The Mega // is more like an IOU and an MMU and some glue on one chip, and
because it has to run at 1 Mhz the VGC goes through all sorts of contortions to
make super hires work. Worse, the Mega // has lots of circuitry that have to be
duplicated in the FPI and the VGC, increasing the cost and complexity of an
otherwise simple design.

     Please don't let this happen again.

     At a bare minimum, all the memory systems should be running on 3.58M.
Simple priority logic and RDY-inserted wait states can be used to arbitrate CPU
and DMA access to the video and sound RAM.

     Slow side synchronization is a major killer in time critical operations.
This is why all internal I/O should be run at 3.58M with RDY wait states.

     The whole machine should be DMA compatible, especially if a DMA controller
is added that transfers data across the bus instead of using the read/write
approach. The cost of the extra 2 times performance might be too high, though;
while adding DMA address counters to the glue chips would work (they generate
the multiplexed RAM addresses anyway) it would also require extra request and
acknowledge lines. In any case, a DMA controller that handles all the bulk data
moving is a must, especially if it can do many channels concurrently without too
much overhead. On the fly Run-Length-Encoding decompression would be easy to add
in and would make compressed animation possible (without a blitter and even
without fill mode).

     Video stuff: The video really needs to be redone on one chip. This saves a
lot of extra logic, and if VRAMs are used for banks $E0-E1 then the refresh
overhead is pretty negligible. It also sets us up for bigger VRAMs in the
expansion slot, which should be more of a direct path into and out of the VRAMs
than an actual video card. The actual video expansion connector would have all
the control lines on it, like sync, clocks and video (including special signals
like 'keycolor' for overlay purposes), but also have access to the VRAM shift
registers, because a digitizer card could feed data into the shift registers for
real-time snapshots of a video frame (even interlaced ones).
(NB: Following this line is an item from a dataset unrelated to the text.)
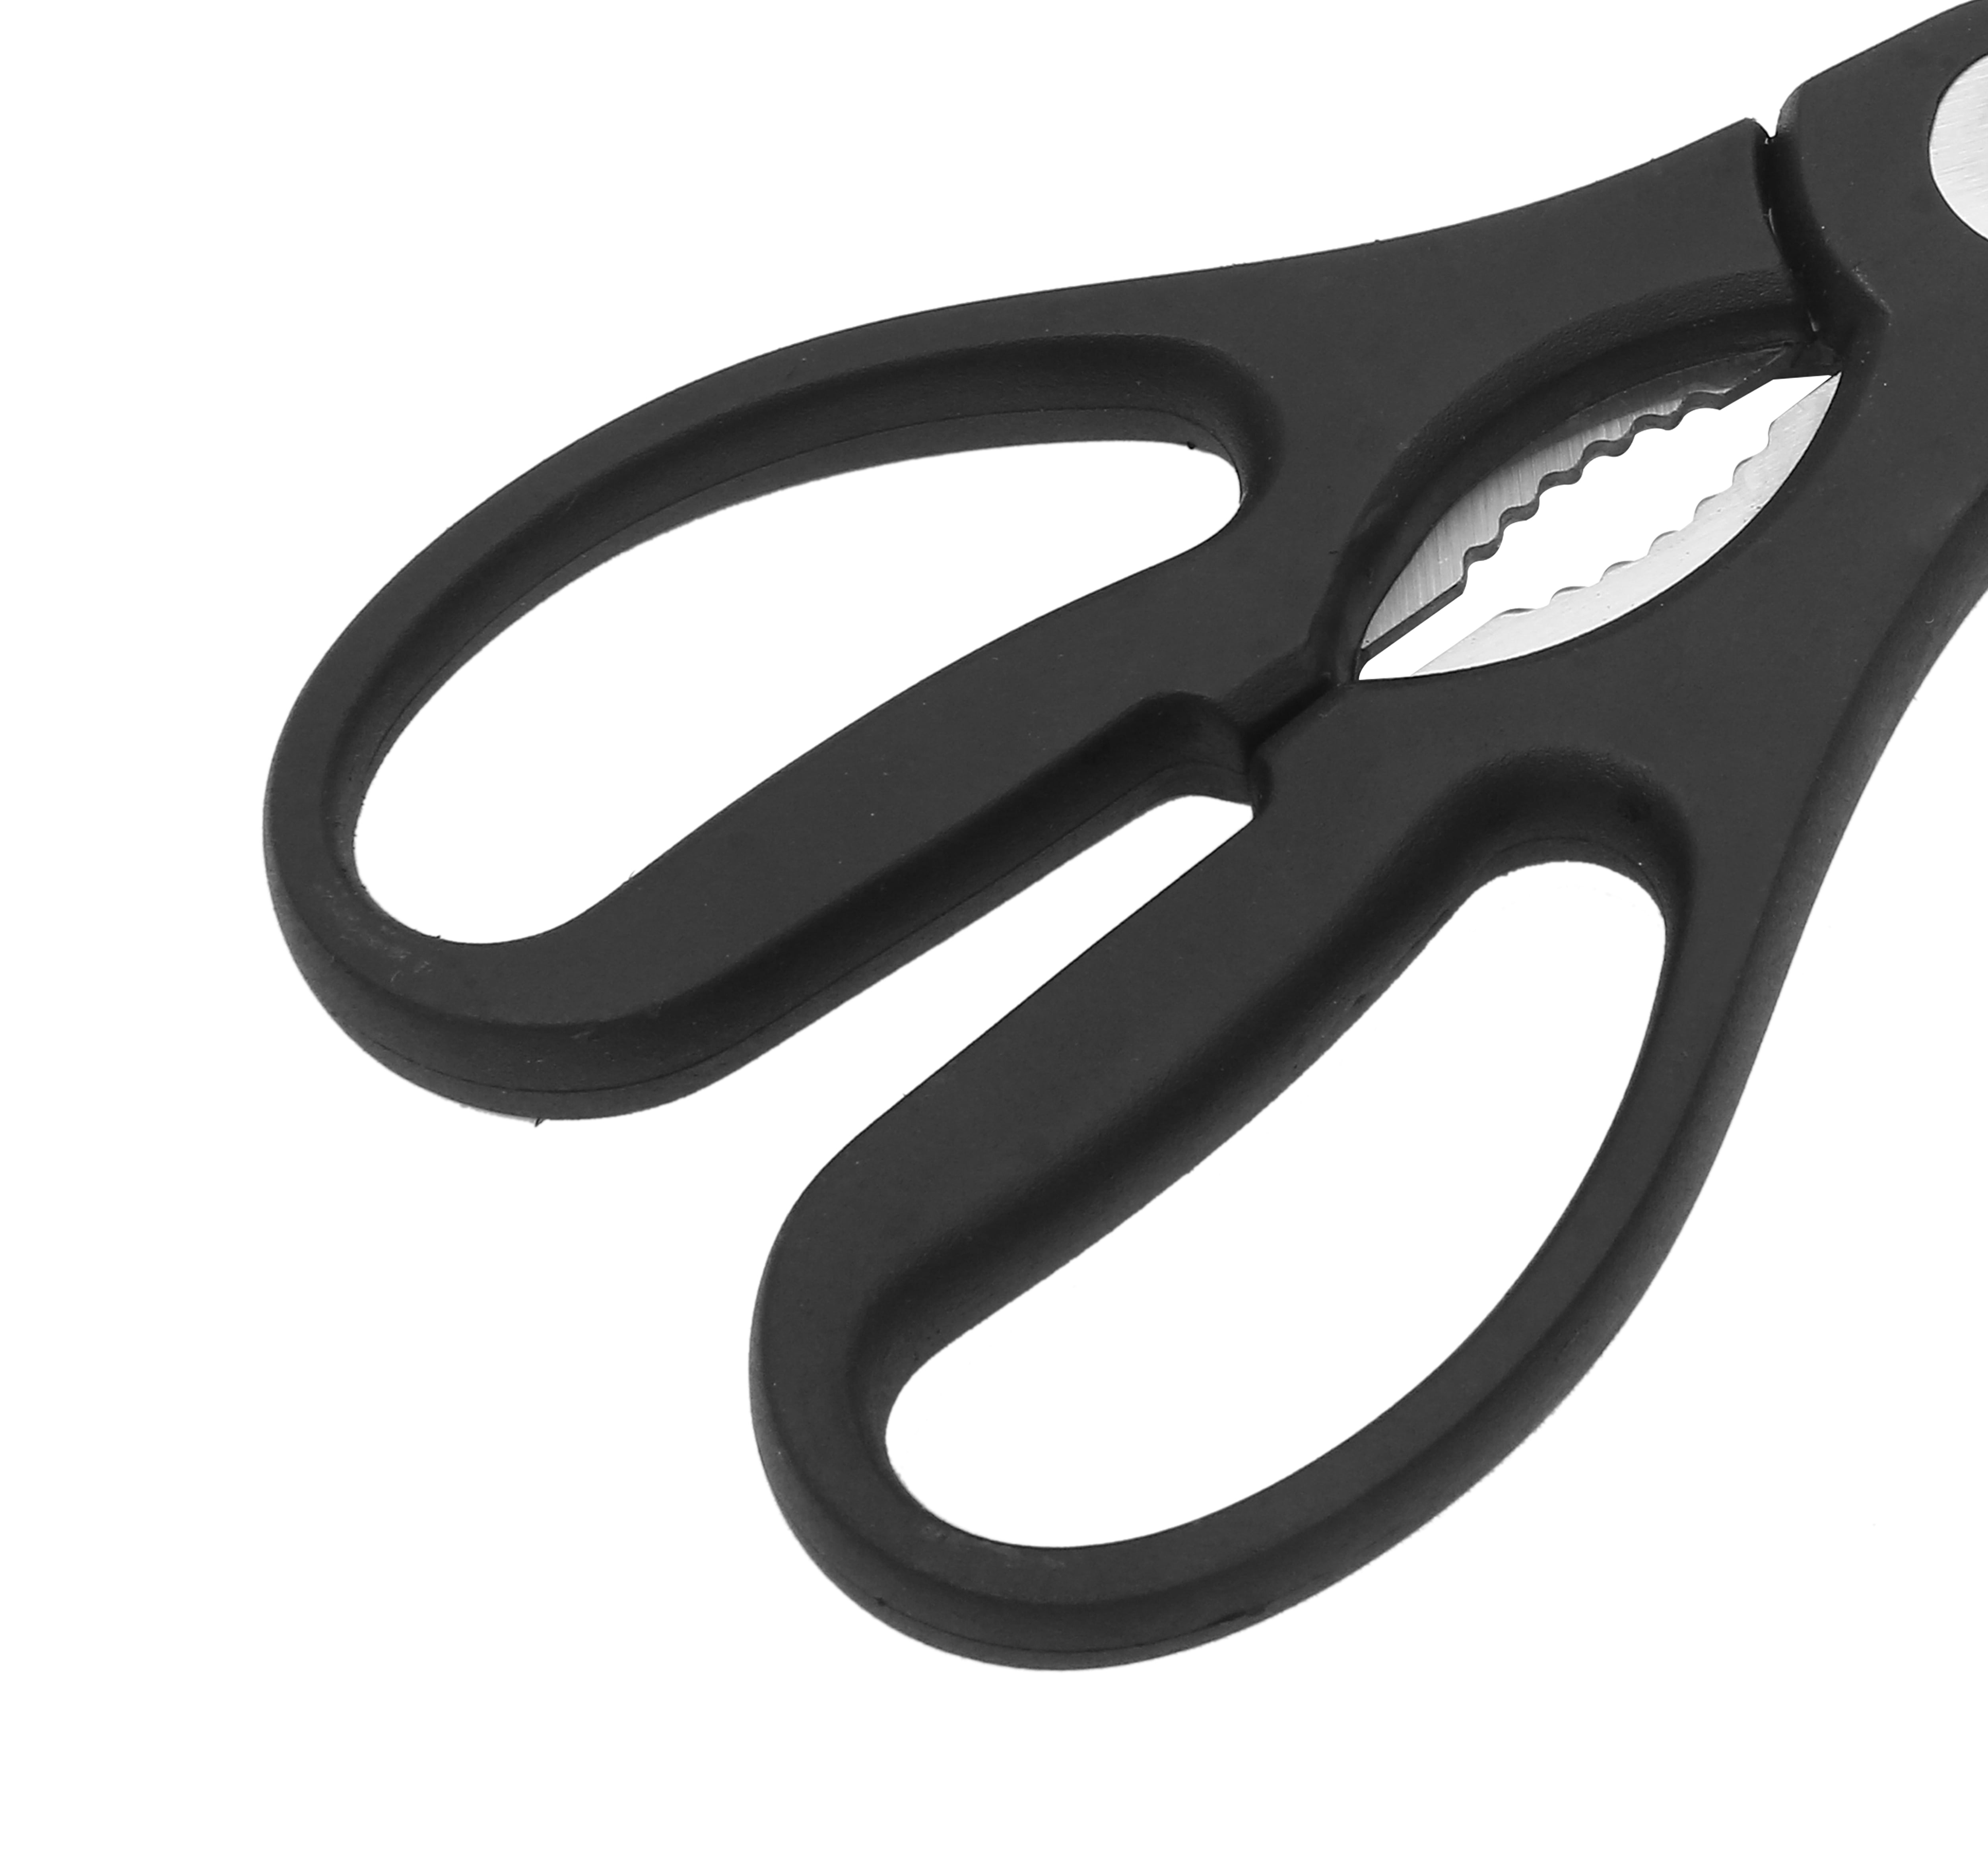 General Purpose Stainless Steel Scissors by Universal® UNV92019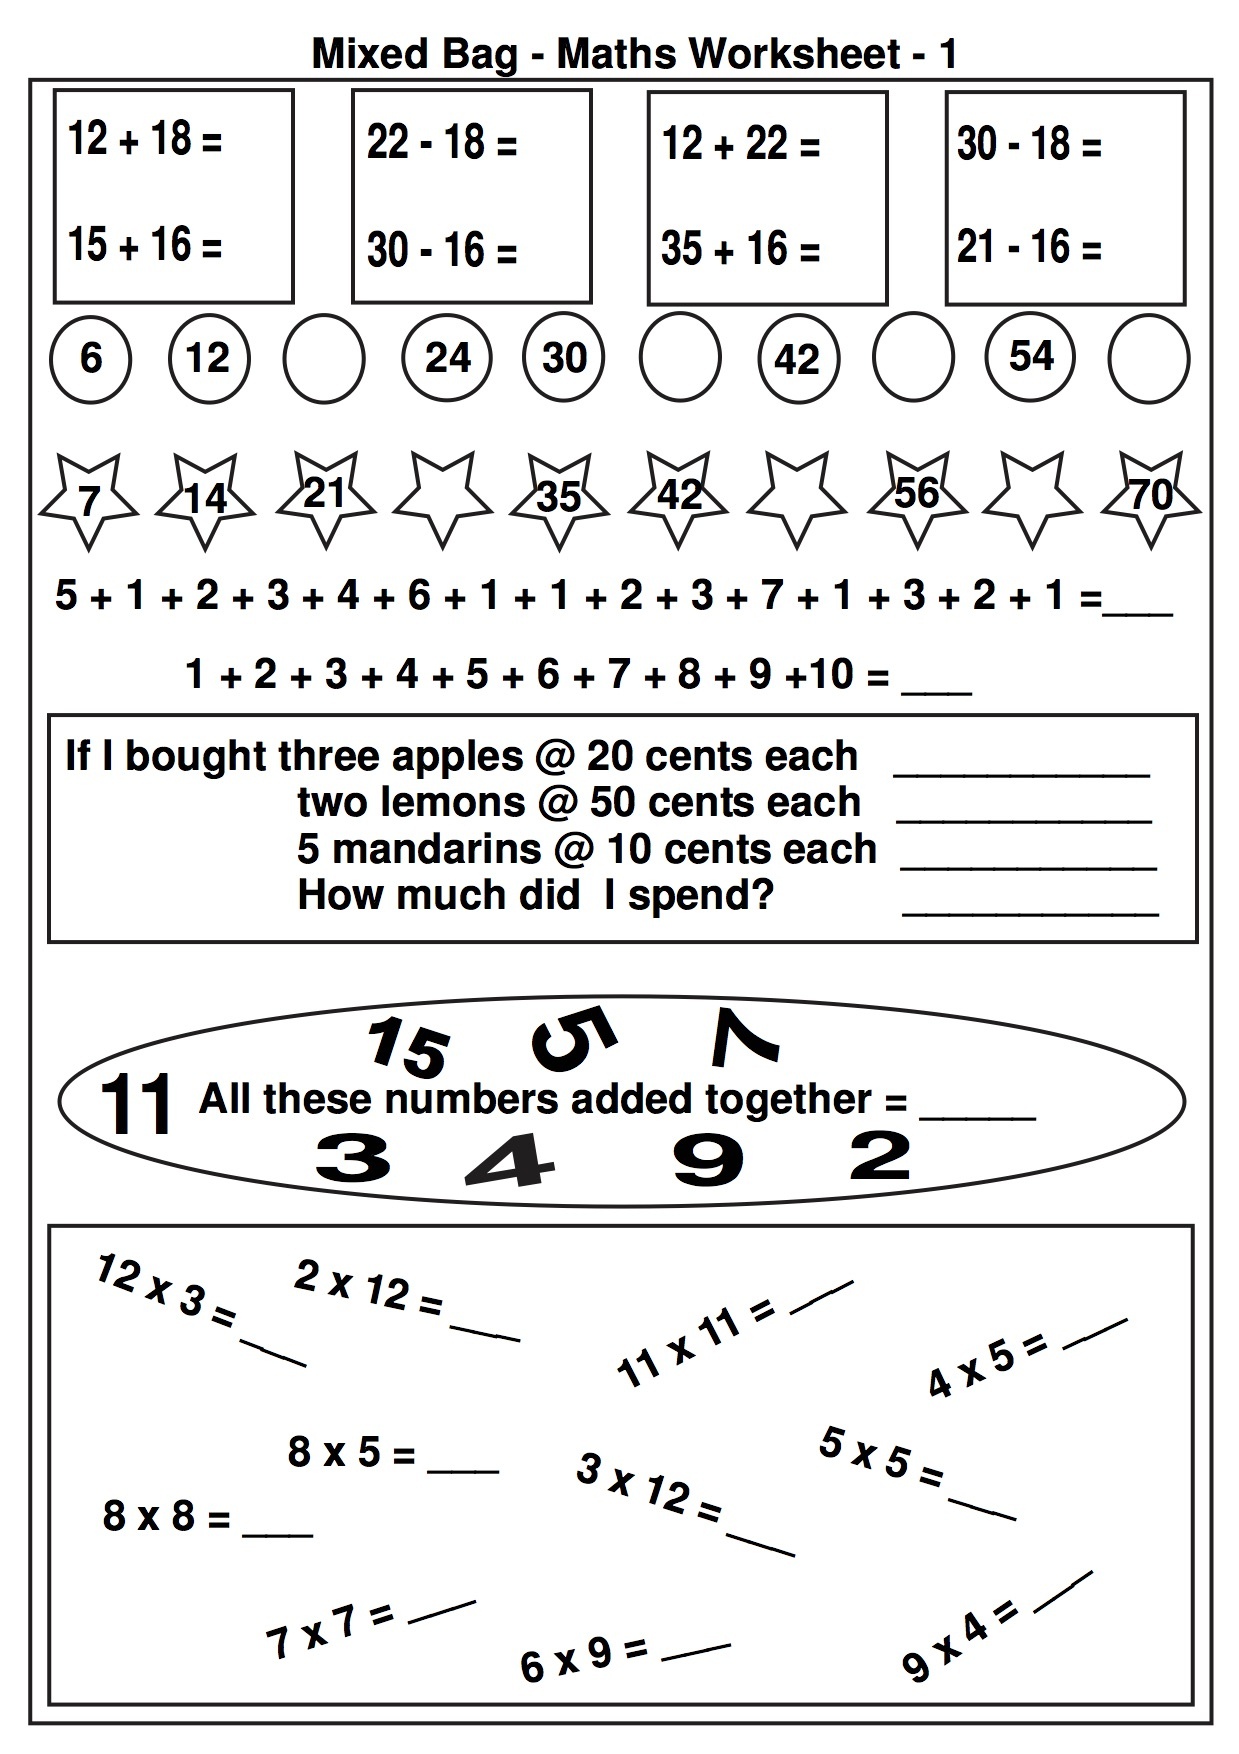 Free Math Worksheets And Printable Math Activities For Elementary - Free Printable Math Worksheets For Adults

     It would be great if the reduced logic 'classic video generator' was then
enhanced by making it more programmable, say by adding address registers for the
various buffers (on reset they assume //gs values of course), expanding the SCB
into a real word and allowing pixel sizes up to 24/32 bits, programmable dot
clocks, character clocks, sync timing and interlace (for use with arbitrary
monitors), and external synchronization for genlock. Allowing the use of
different dot clocks is important because it simplifies super hires and higher
resolution video modes. (By switching crystals in mid stream, you get your
different dot clock with only minor glitches in the output, because the sync
counters just keep going, and the character clock can be reprogrammed fairly
quickly.) In fact, mixing of modes would be nice because then you could have an
old game running with a black & white image of its screen in a window. Some
pretty neat software and hardware tricks would be needed to pull this off,
though.

     The main reason I want a fully programmable video generator is that we will
be stuck with our chip set for as long as we own the computer, and we want that
to last a long time. The Amiga chips are socketed and you can bet Commodore is
working on revisions. Unfortunately (for them) their video still uses DMA
entirely so there is a fairly low limit on the number of colors they can display
at high resolution. Since 64K VRAMs are getting cheap and 256K's will come down
in a few years (I hope) we can get a jump on them by planning for the new
technology now.

     Line drawing and area fill (as blitter features) would also come in handy
for compressed animation and Quickdraw primitives, and quartic drawing for
rasterization of Royal fonts. (I don't know how tough any of this is to
implement so I'll keep my mouth shut.)

     Another bizarre idea I had was that of making the blitter speak regions,
which are not entirely Rects (the usual blitter object) but could be lists of
Rects. Actually, a region could be rasterized into a list of horizontal strips
and that could be compactly represented, so that might be a blitter structure to
use. Again, I don't know how complicated that would be. But it would be nice if
you could use the same structure to specify an arbitrary shaped frame buffer
(and maybe the graphics modes of each part?) to both the blitter and the video
generator, and since they would probably be the same chip then it should save us
some logic. This is one trick that can get windows in hardware, and while large
sprites (or two whole movable display rectangles) would be better, it would
allow the ultimate in page flipping.

     What we really could use is a hardwired Quickdraw coprocessor that does
blit operations and understands fairly sophisticated graphics objects. The
AM29000 is (I believe) too expensive and (IMHO) overkill because you can build a
workstation around one of those things. The TMS34010 would be a nice choice
(it's used by many VGA cards, for example, and is only a 68 pin PLCC). It has
many of the programmable capabilities I'd like to see in a video generator, but
I don't know how much it costs in quantity.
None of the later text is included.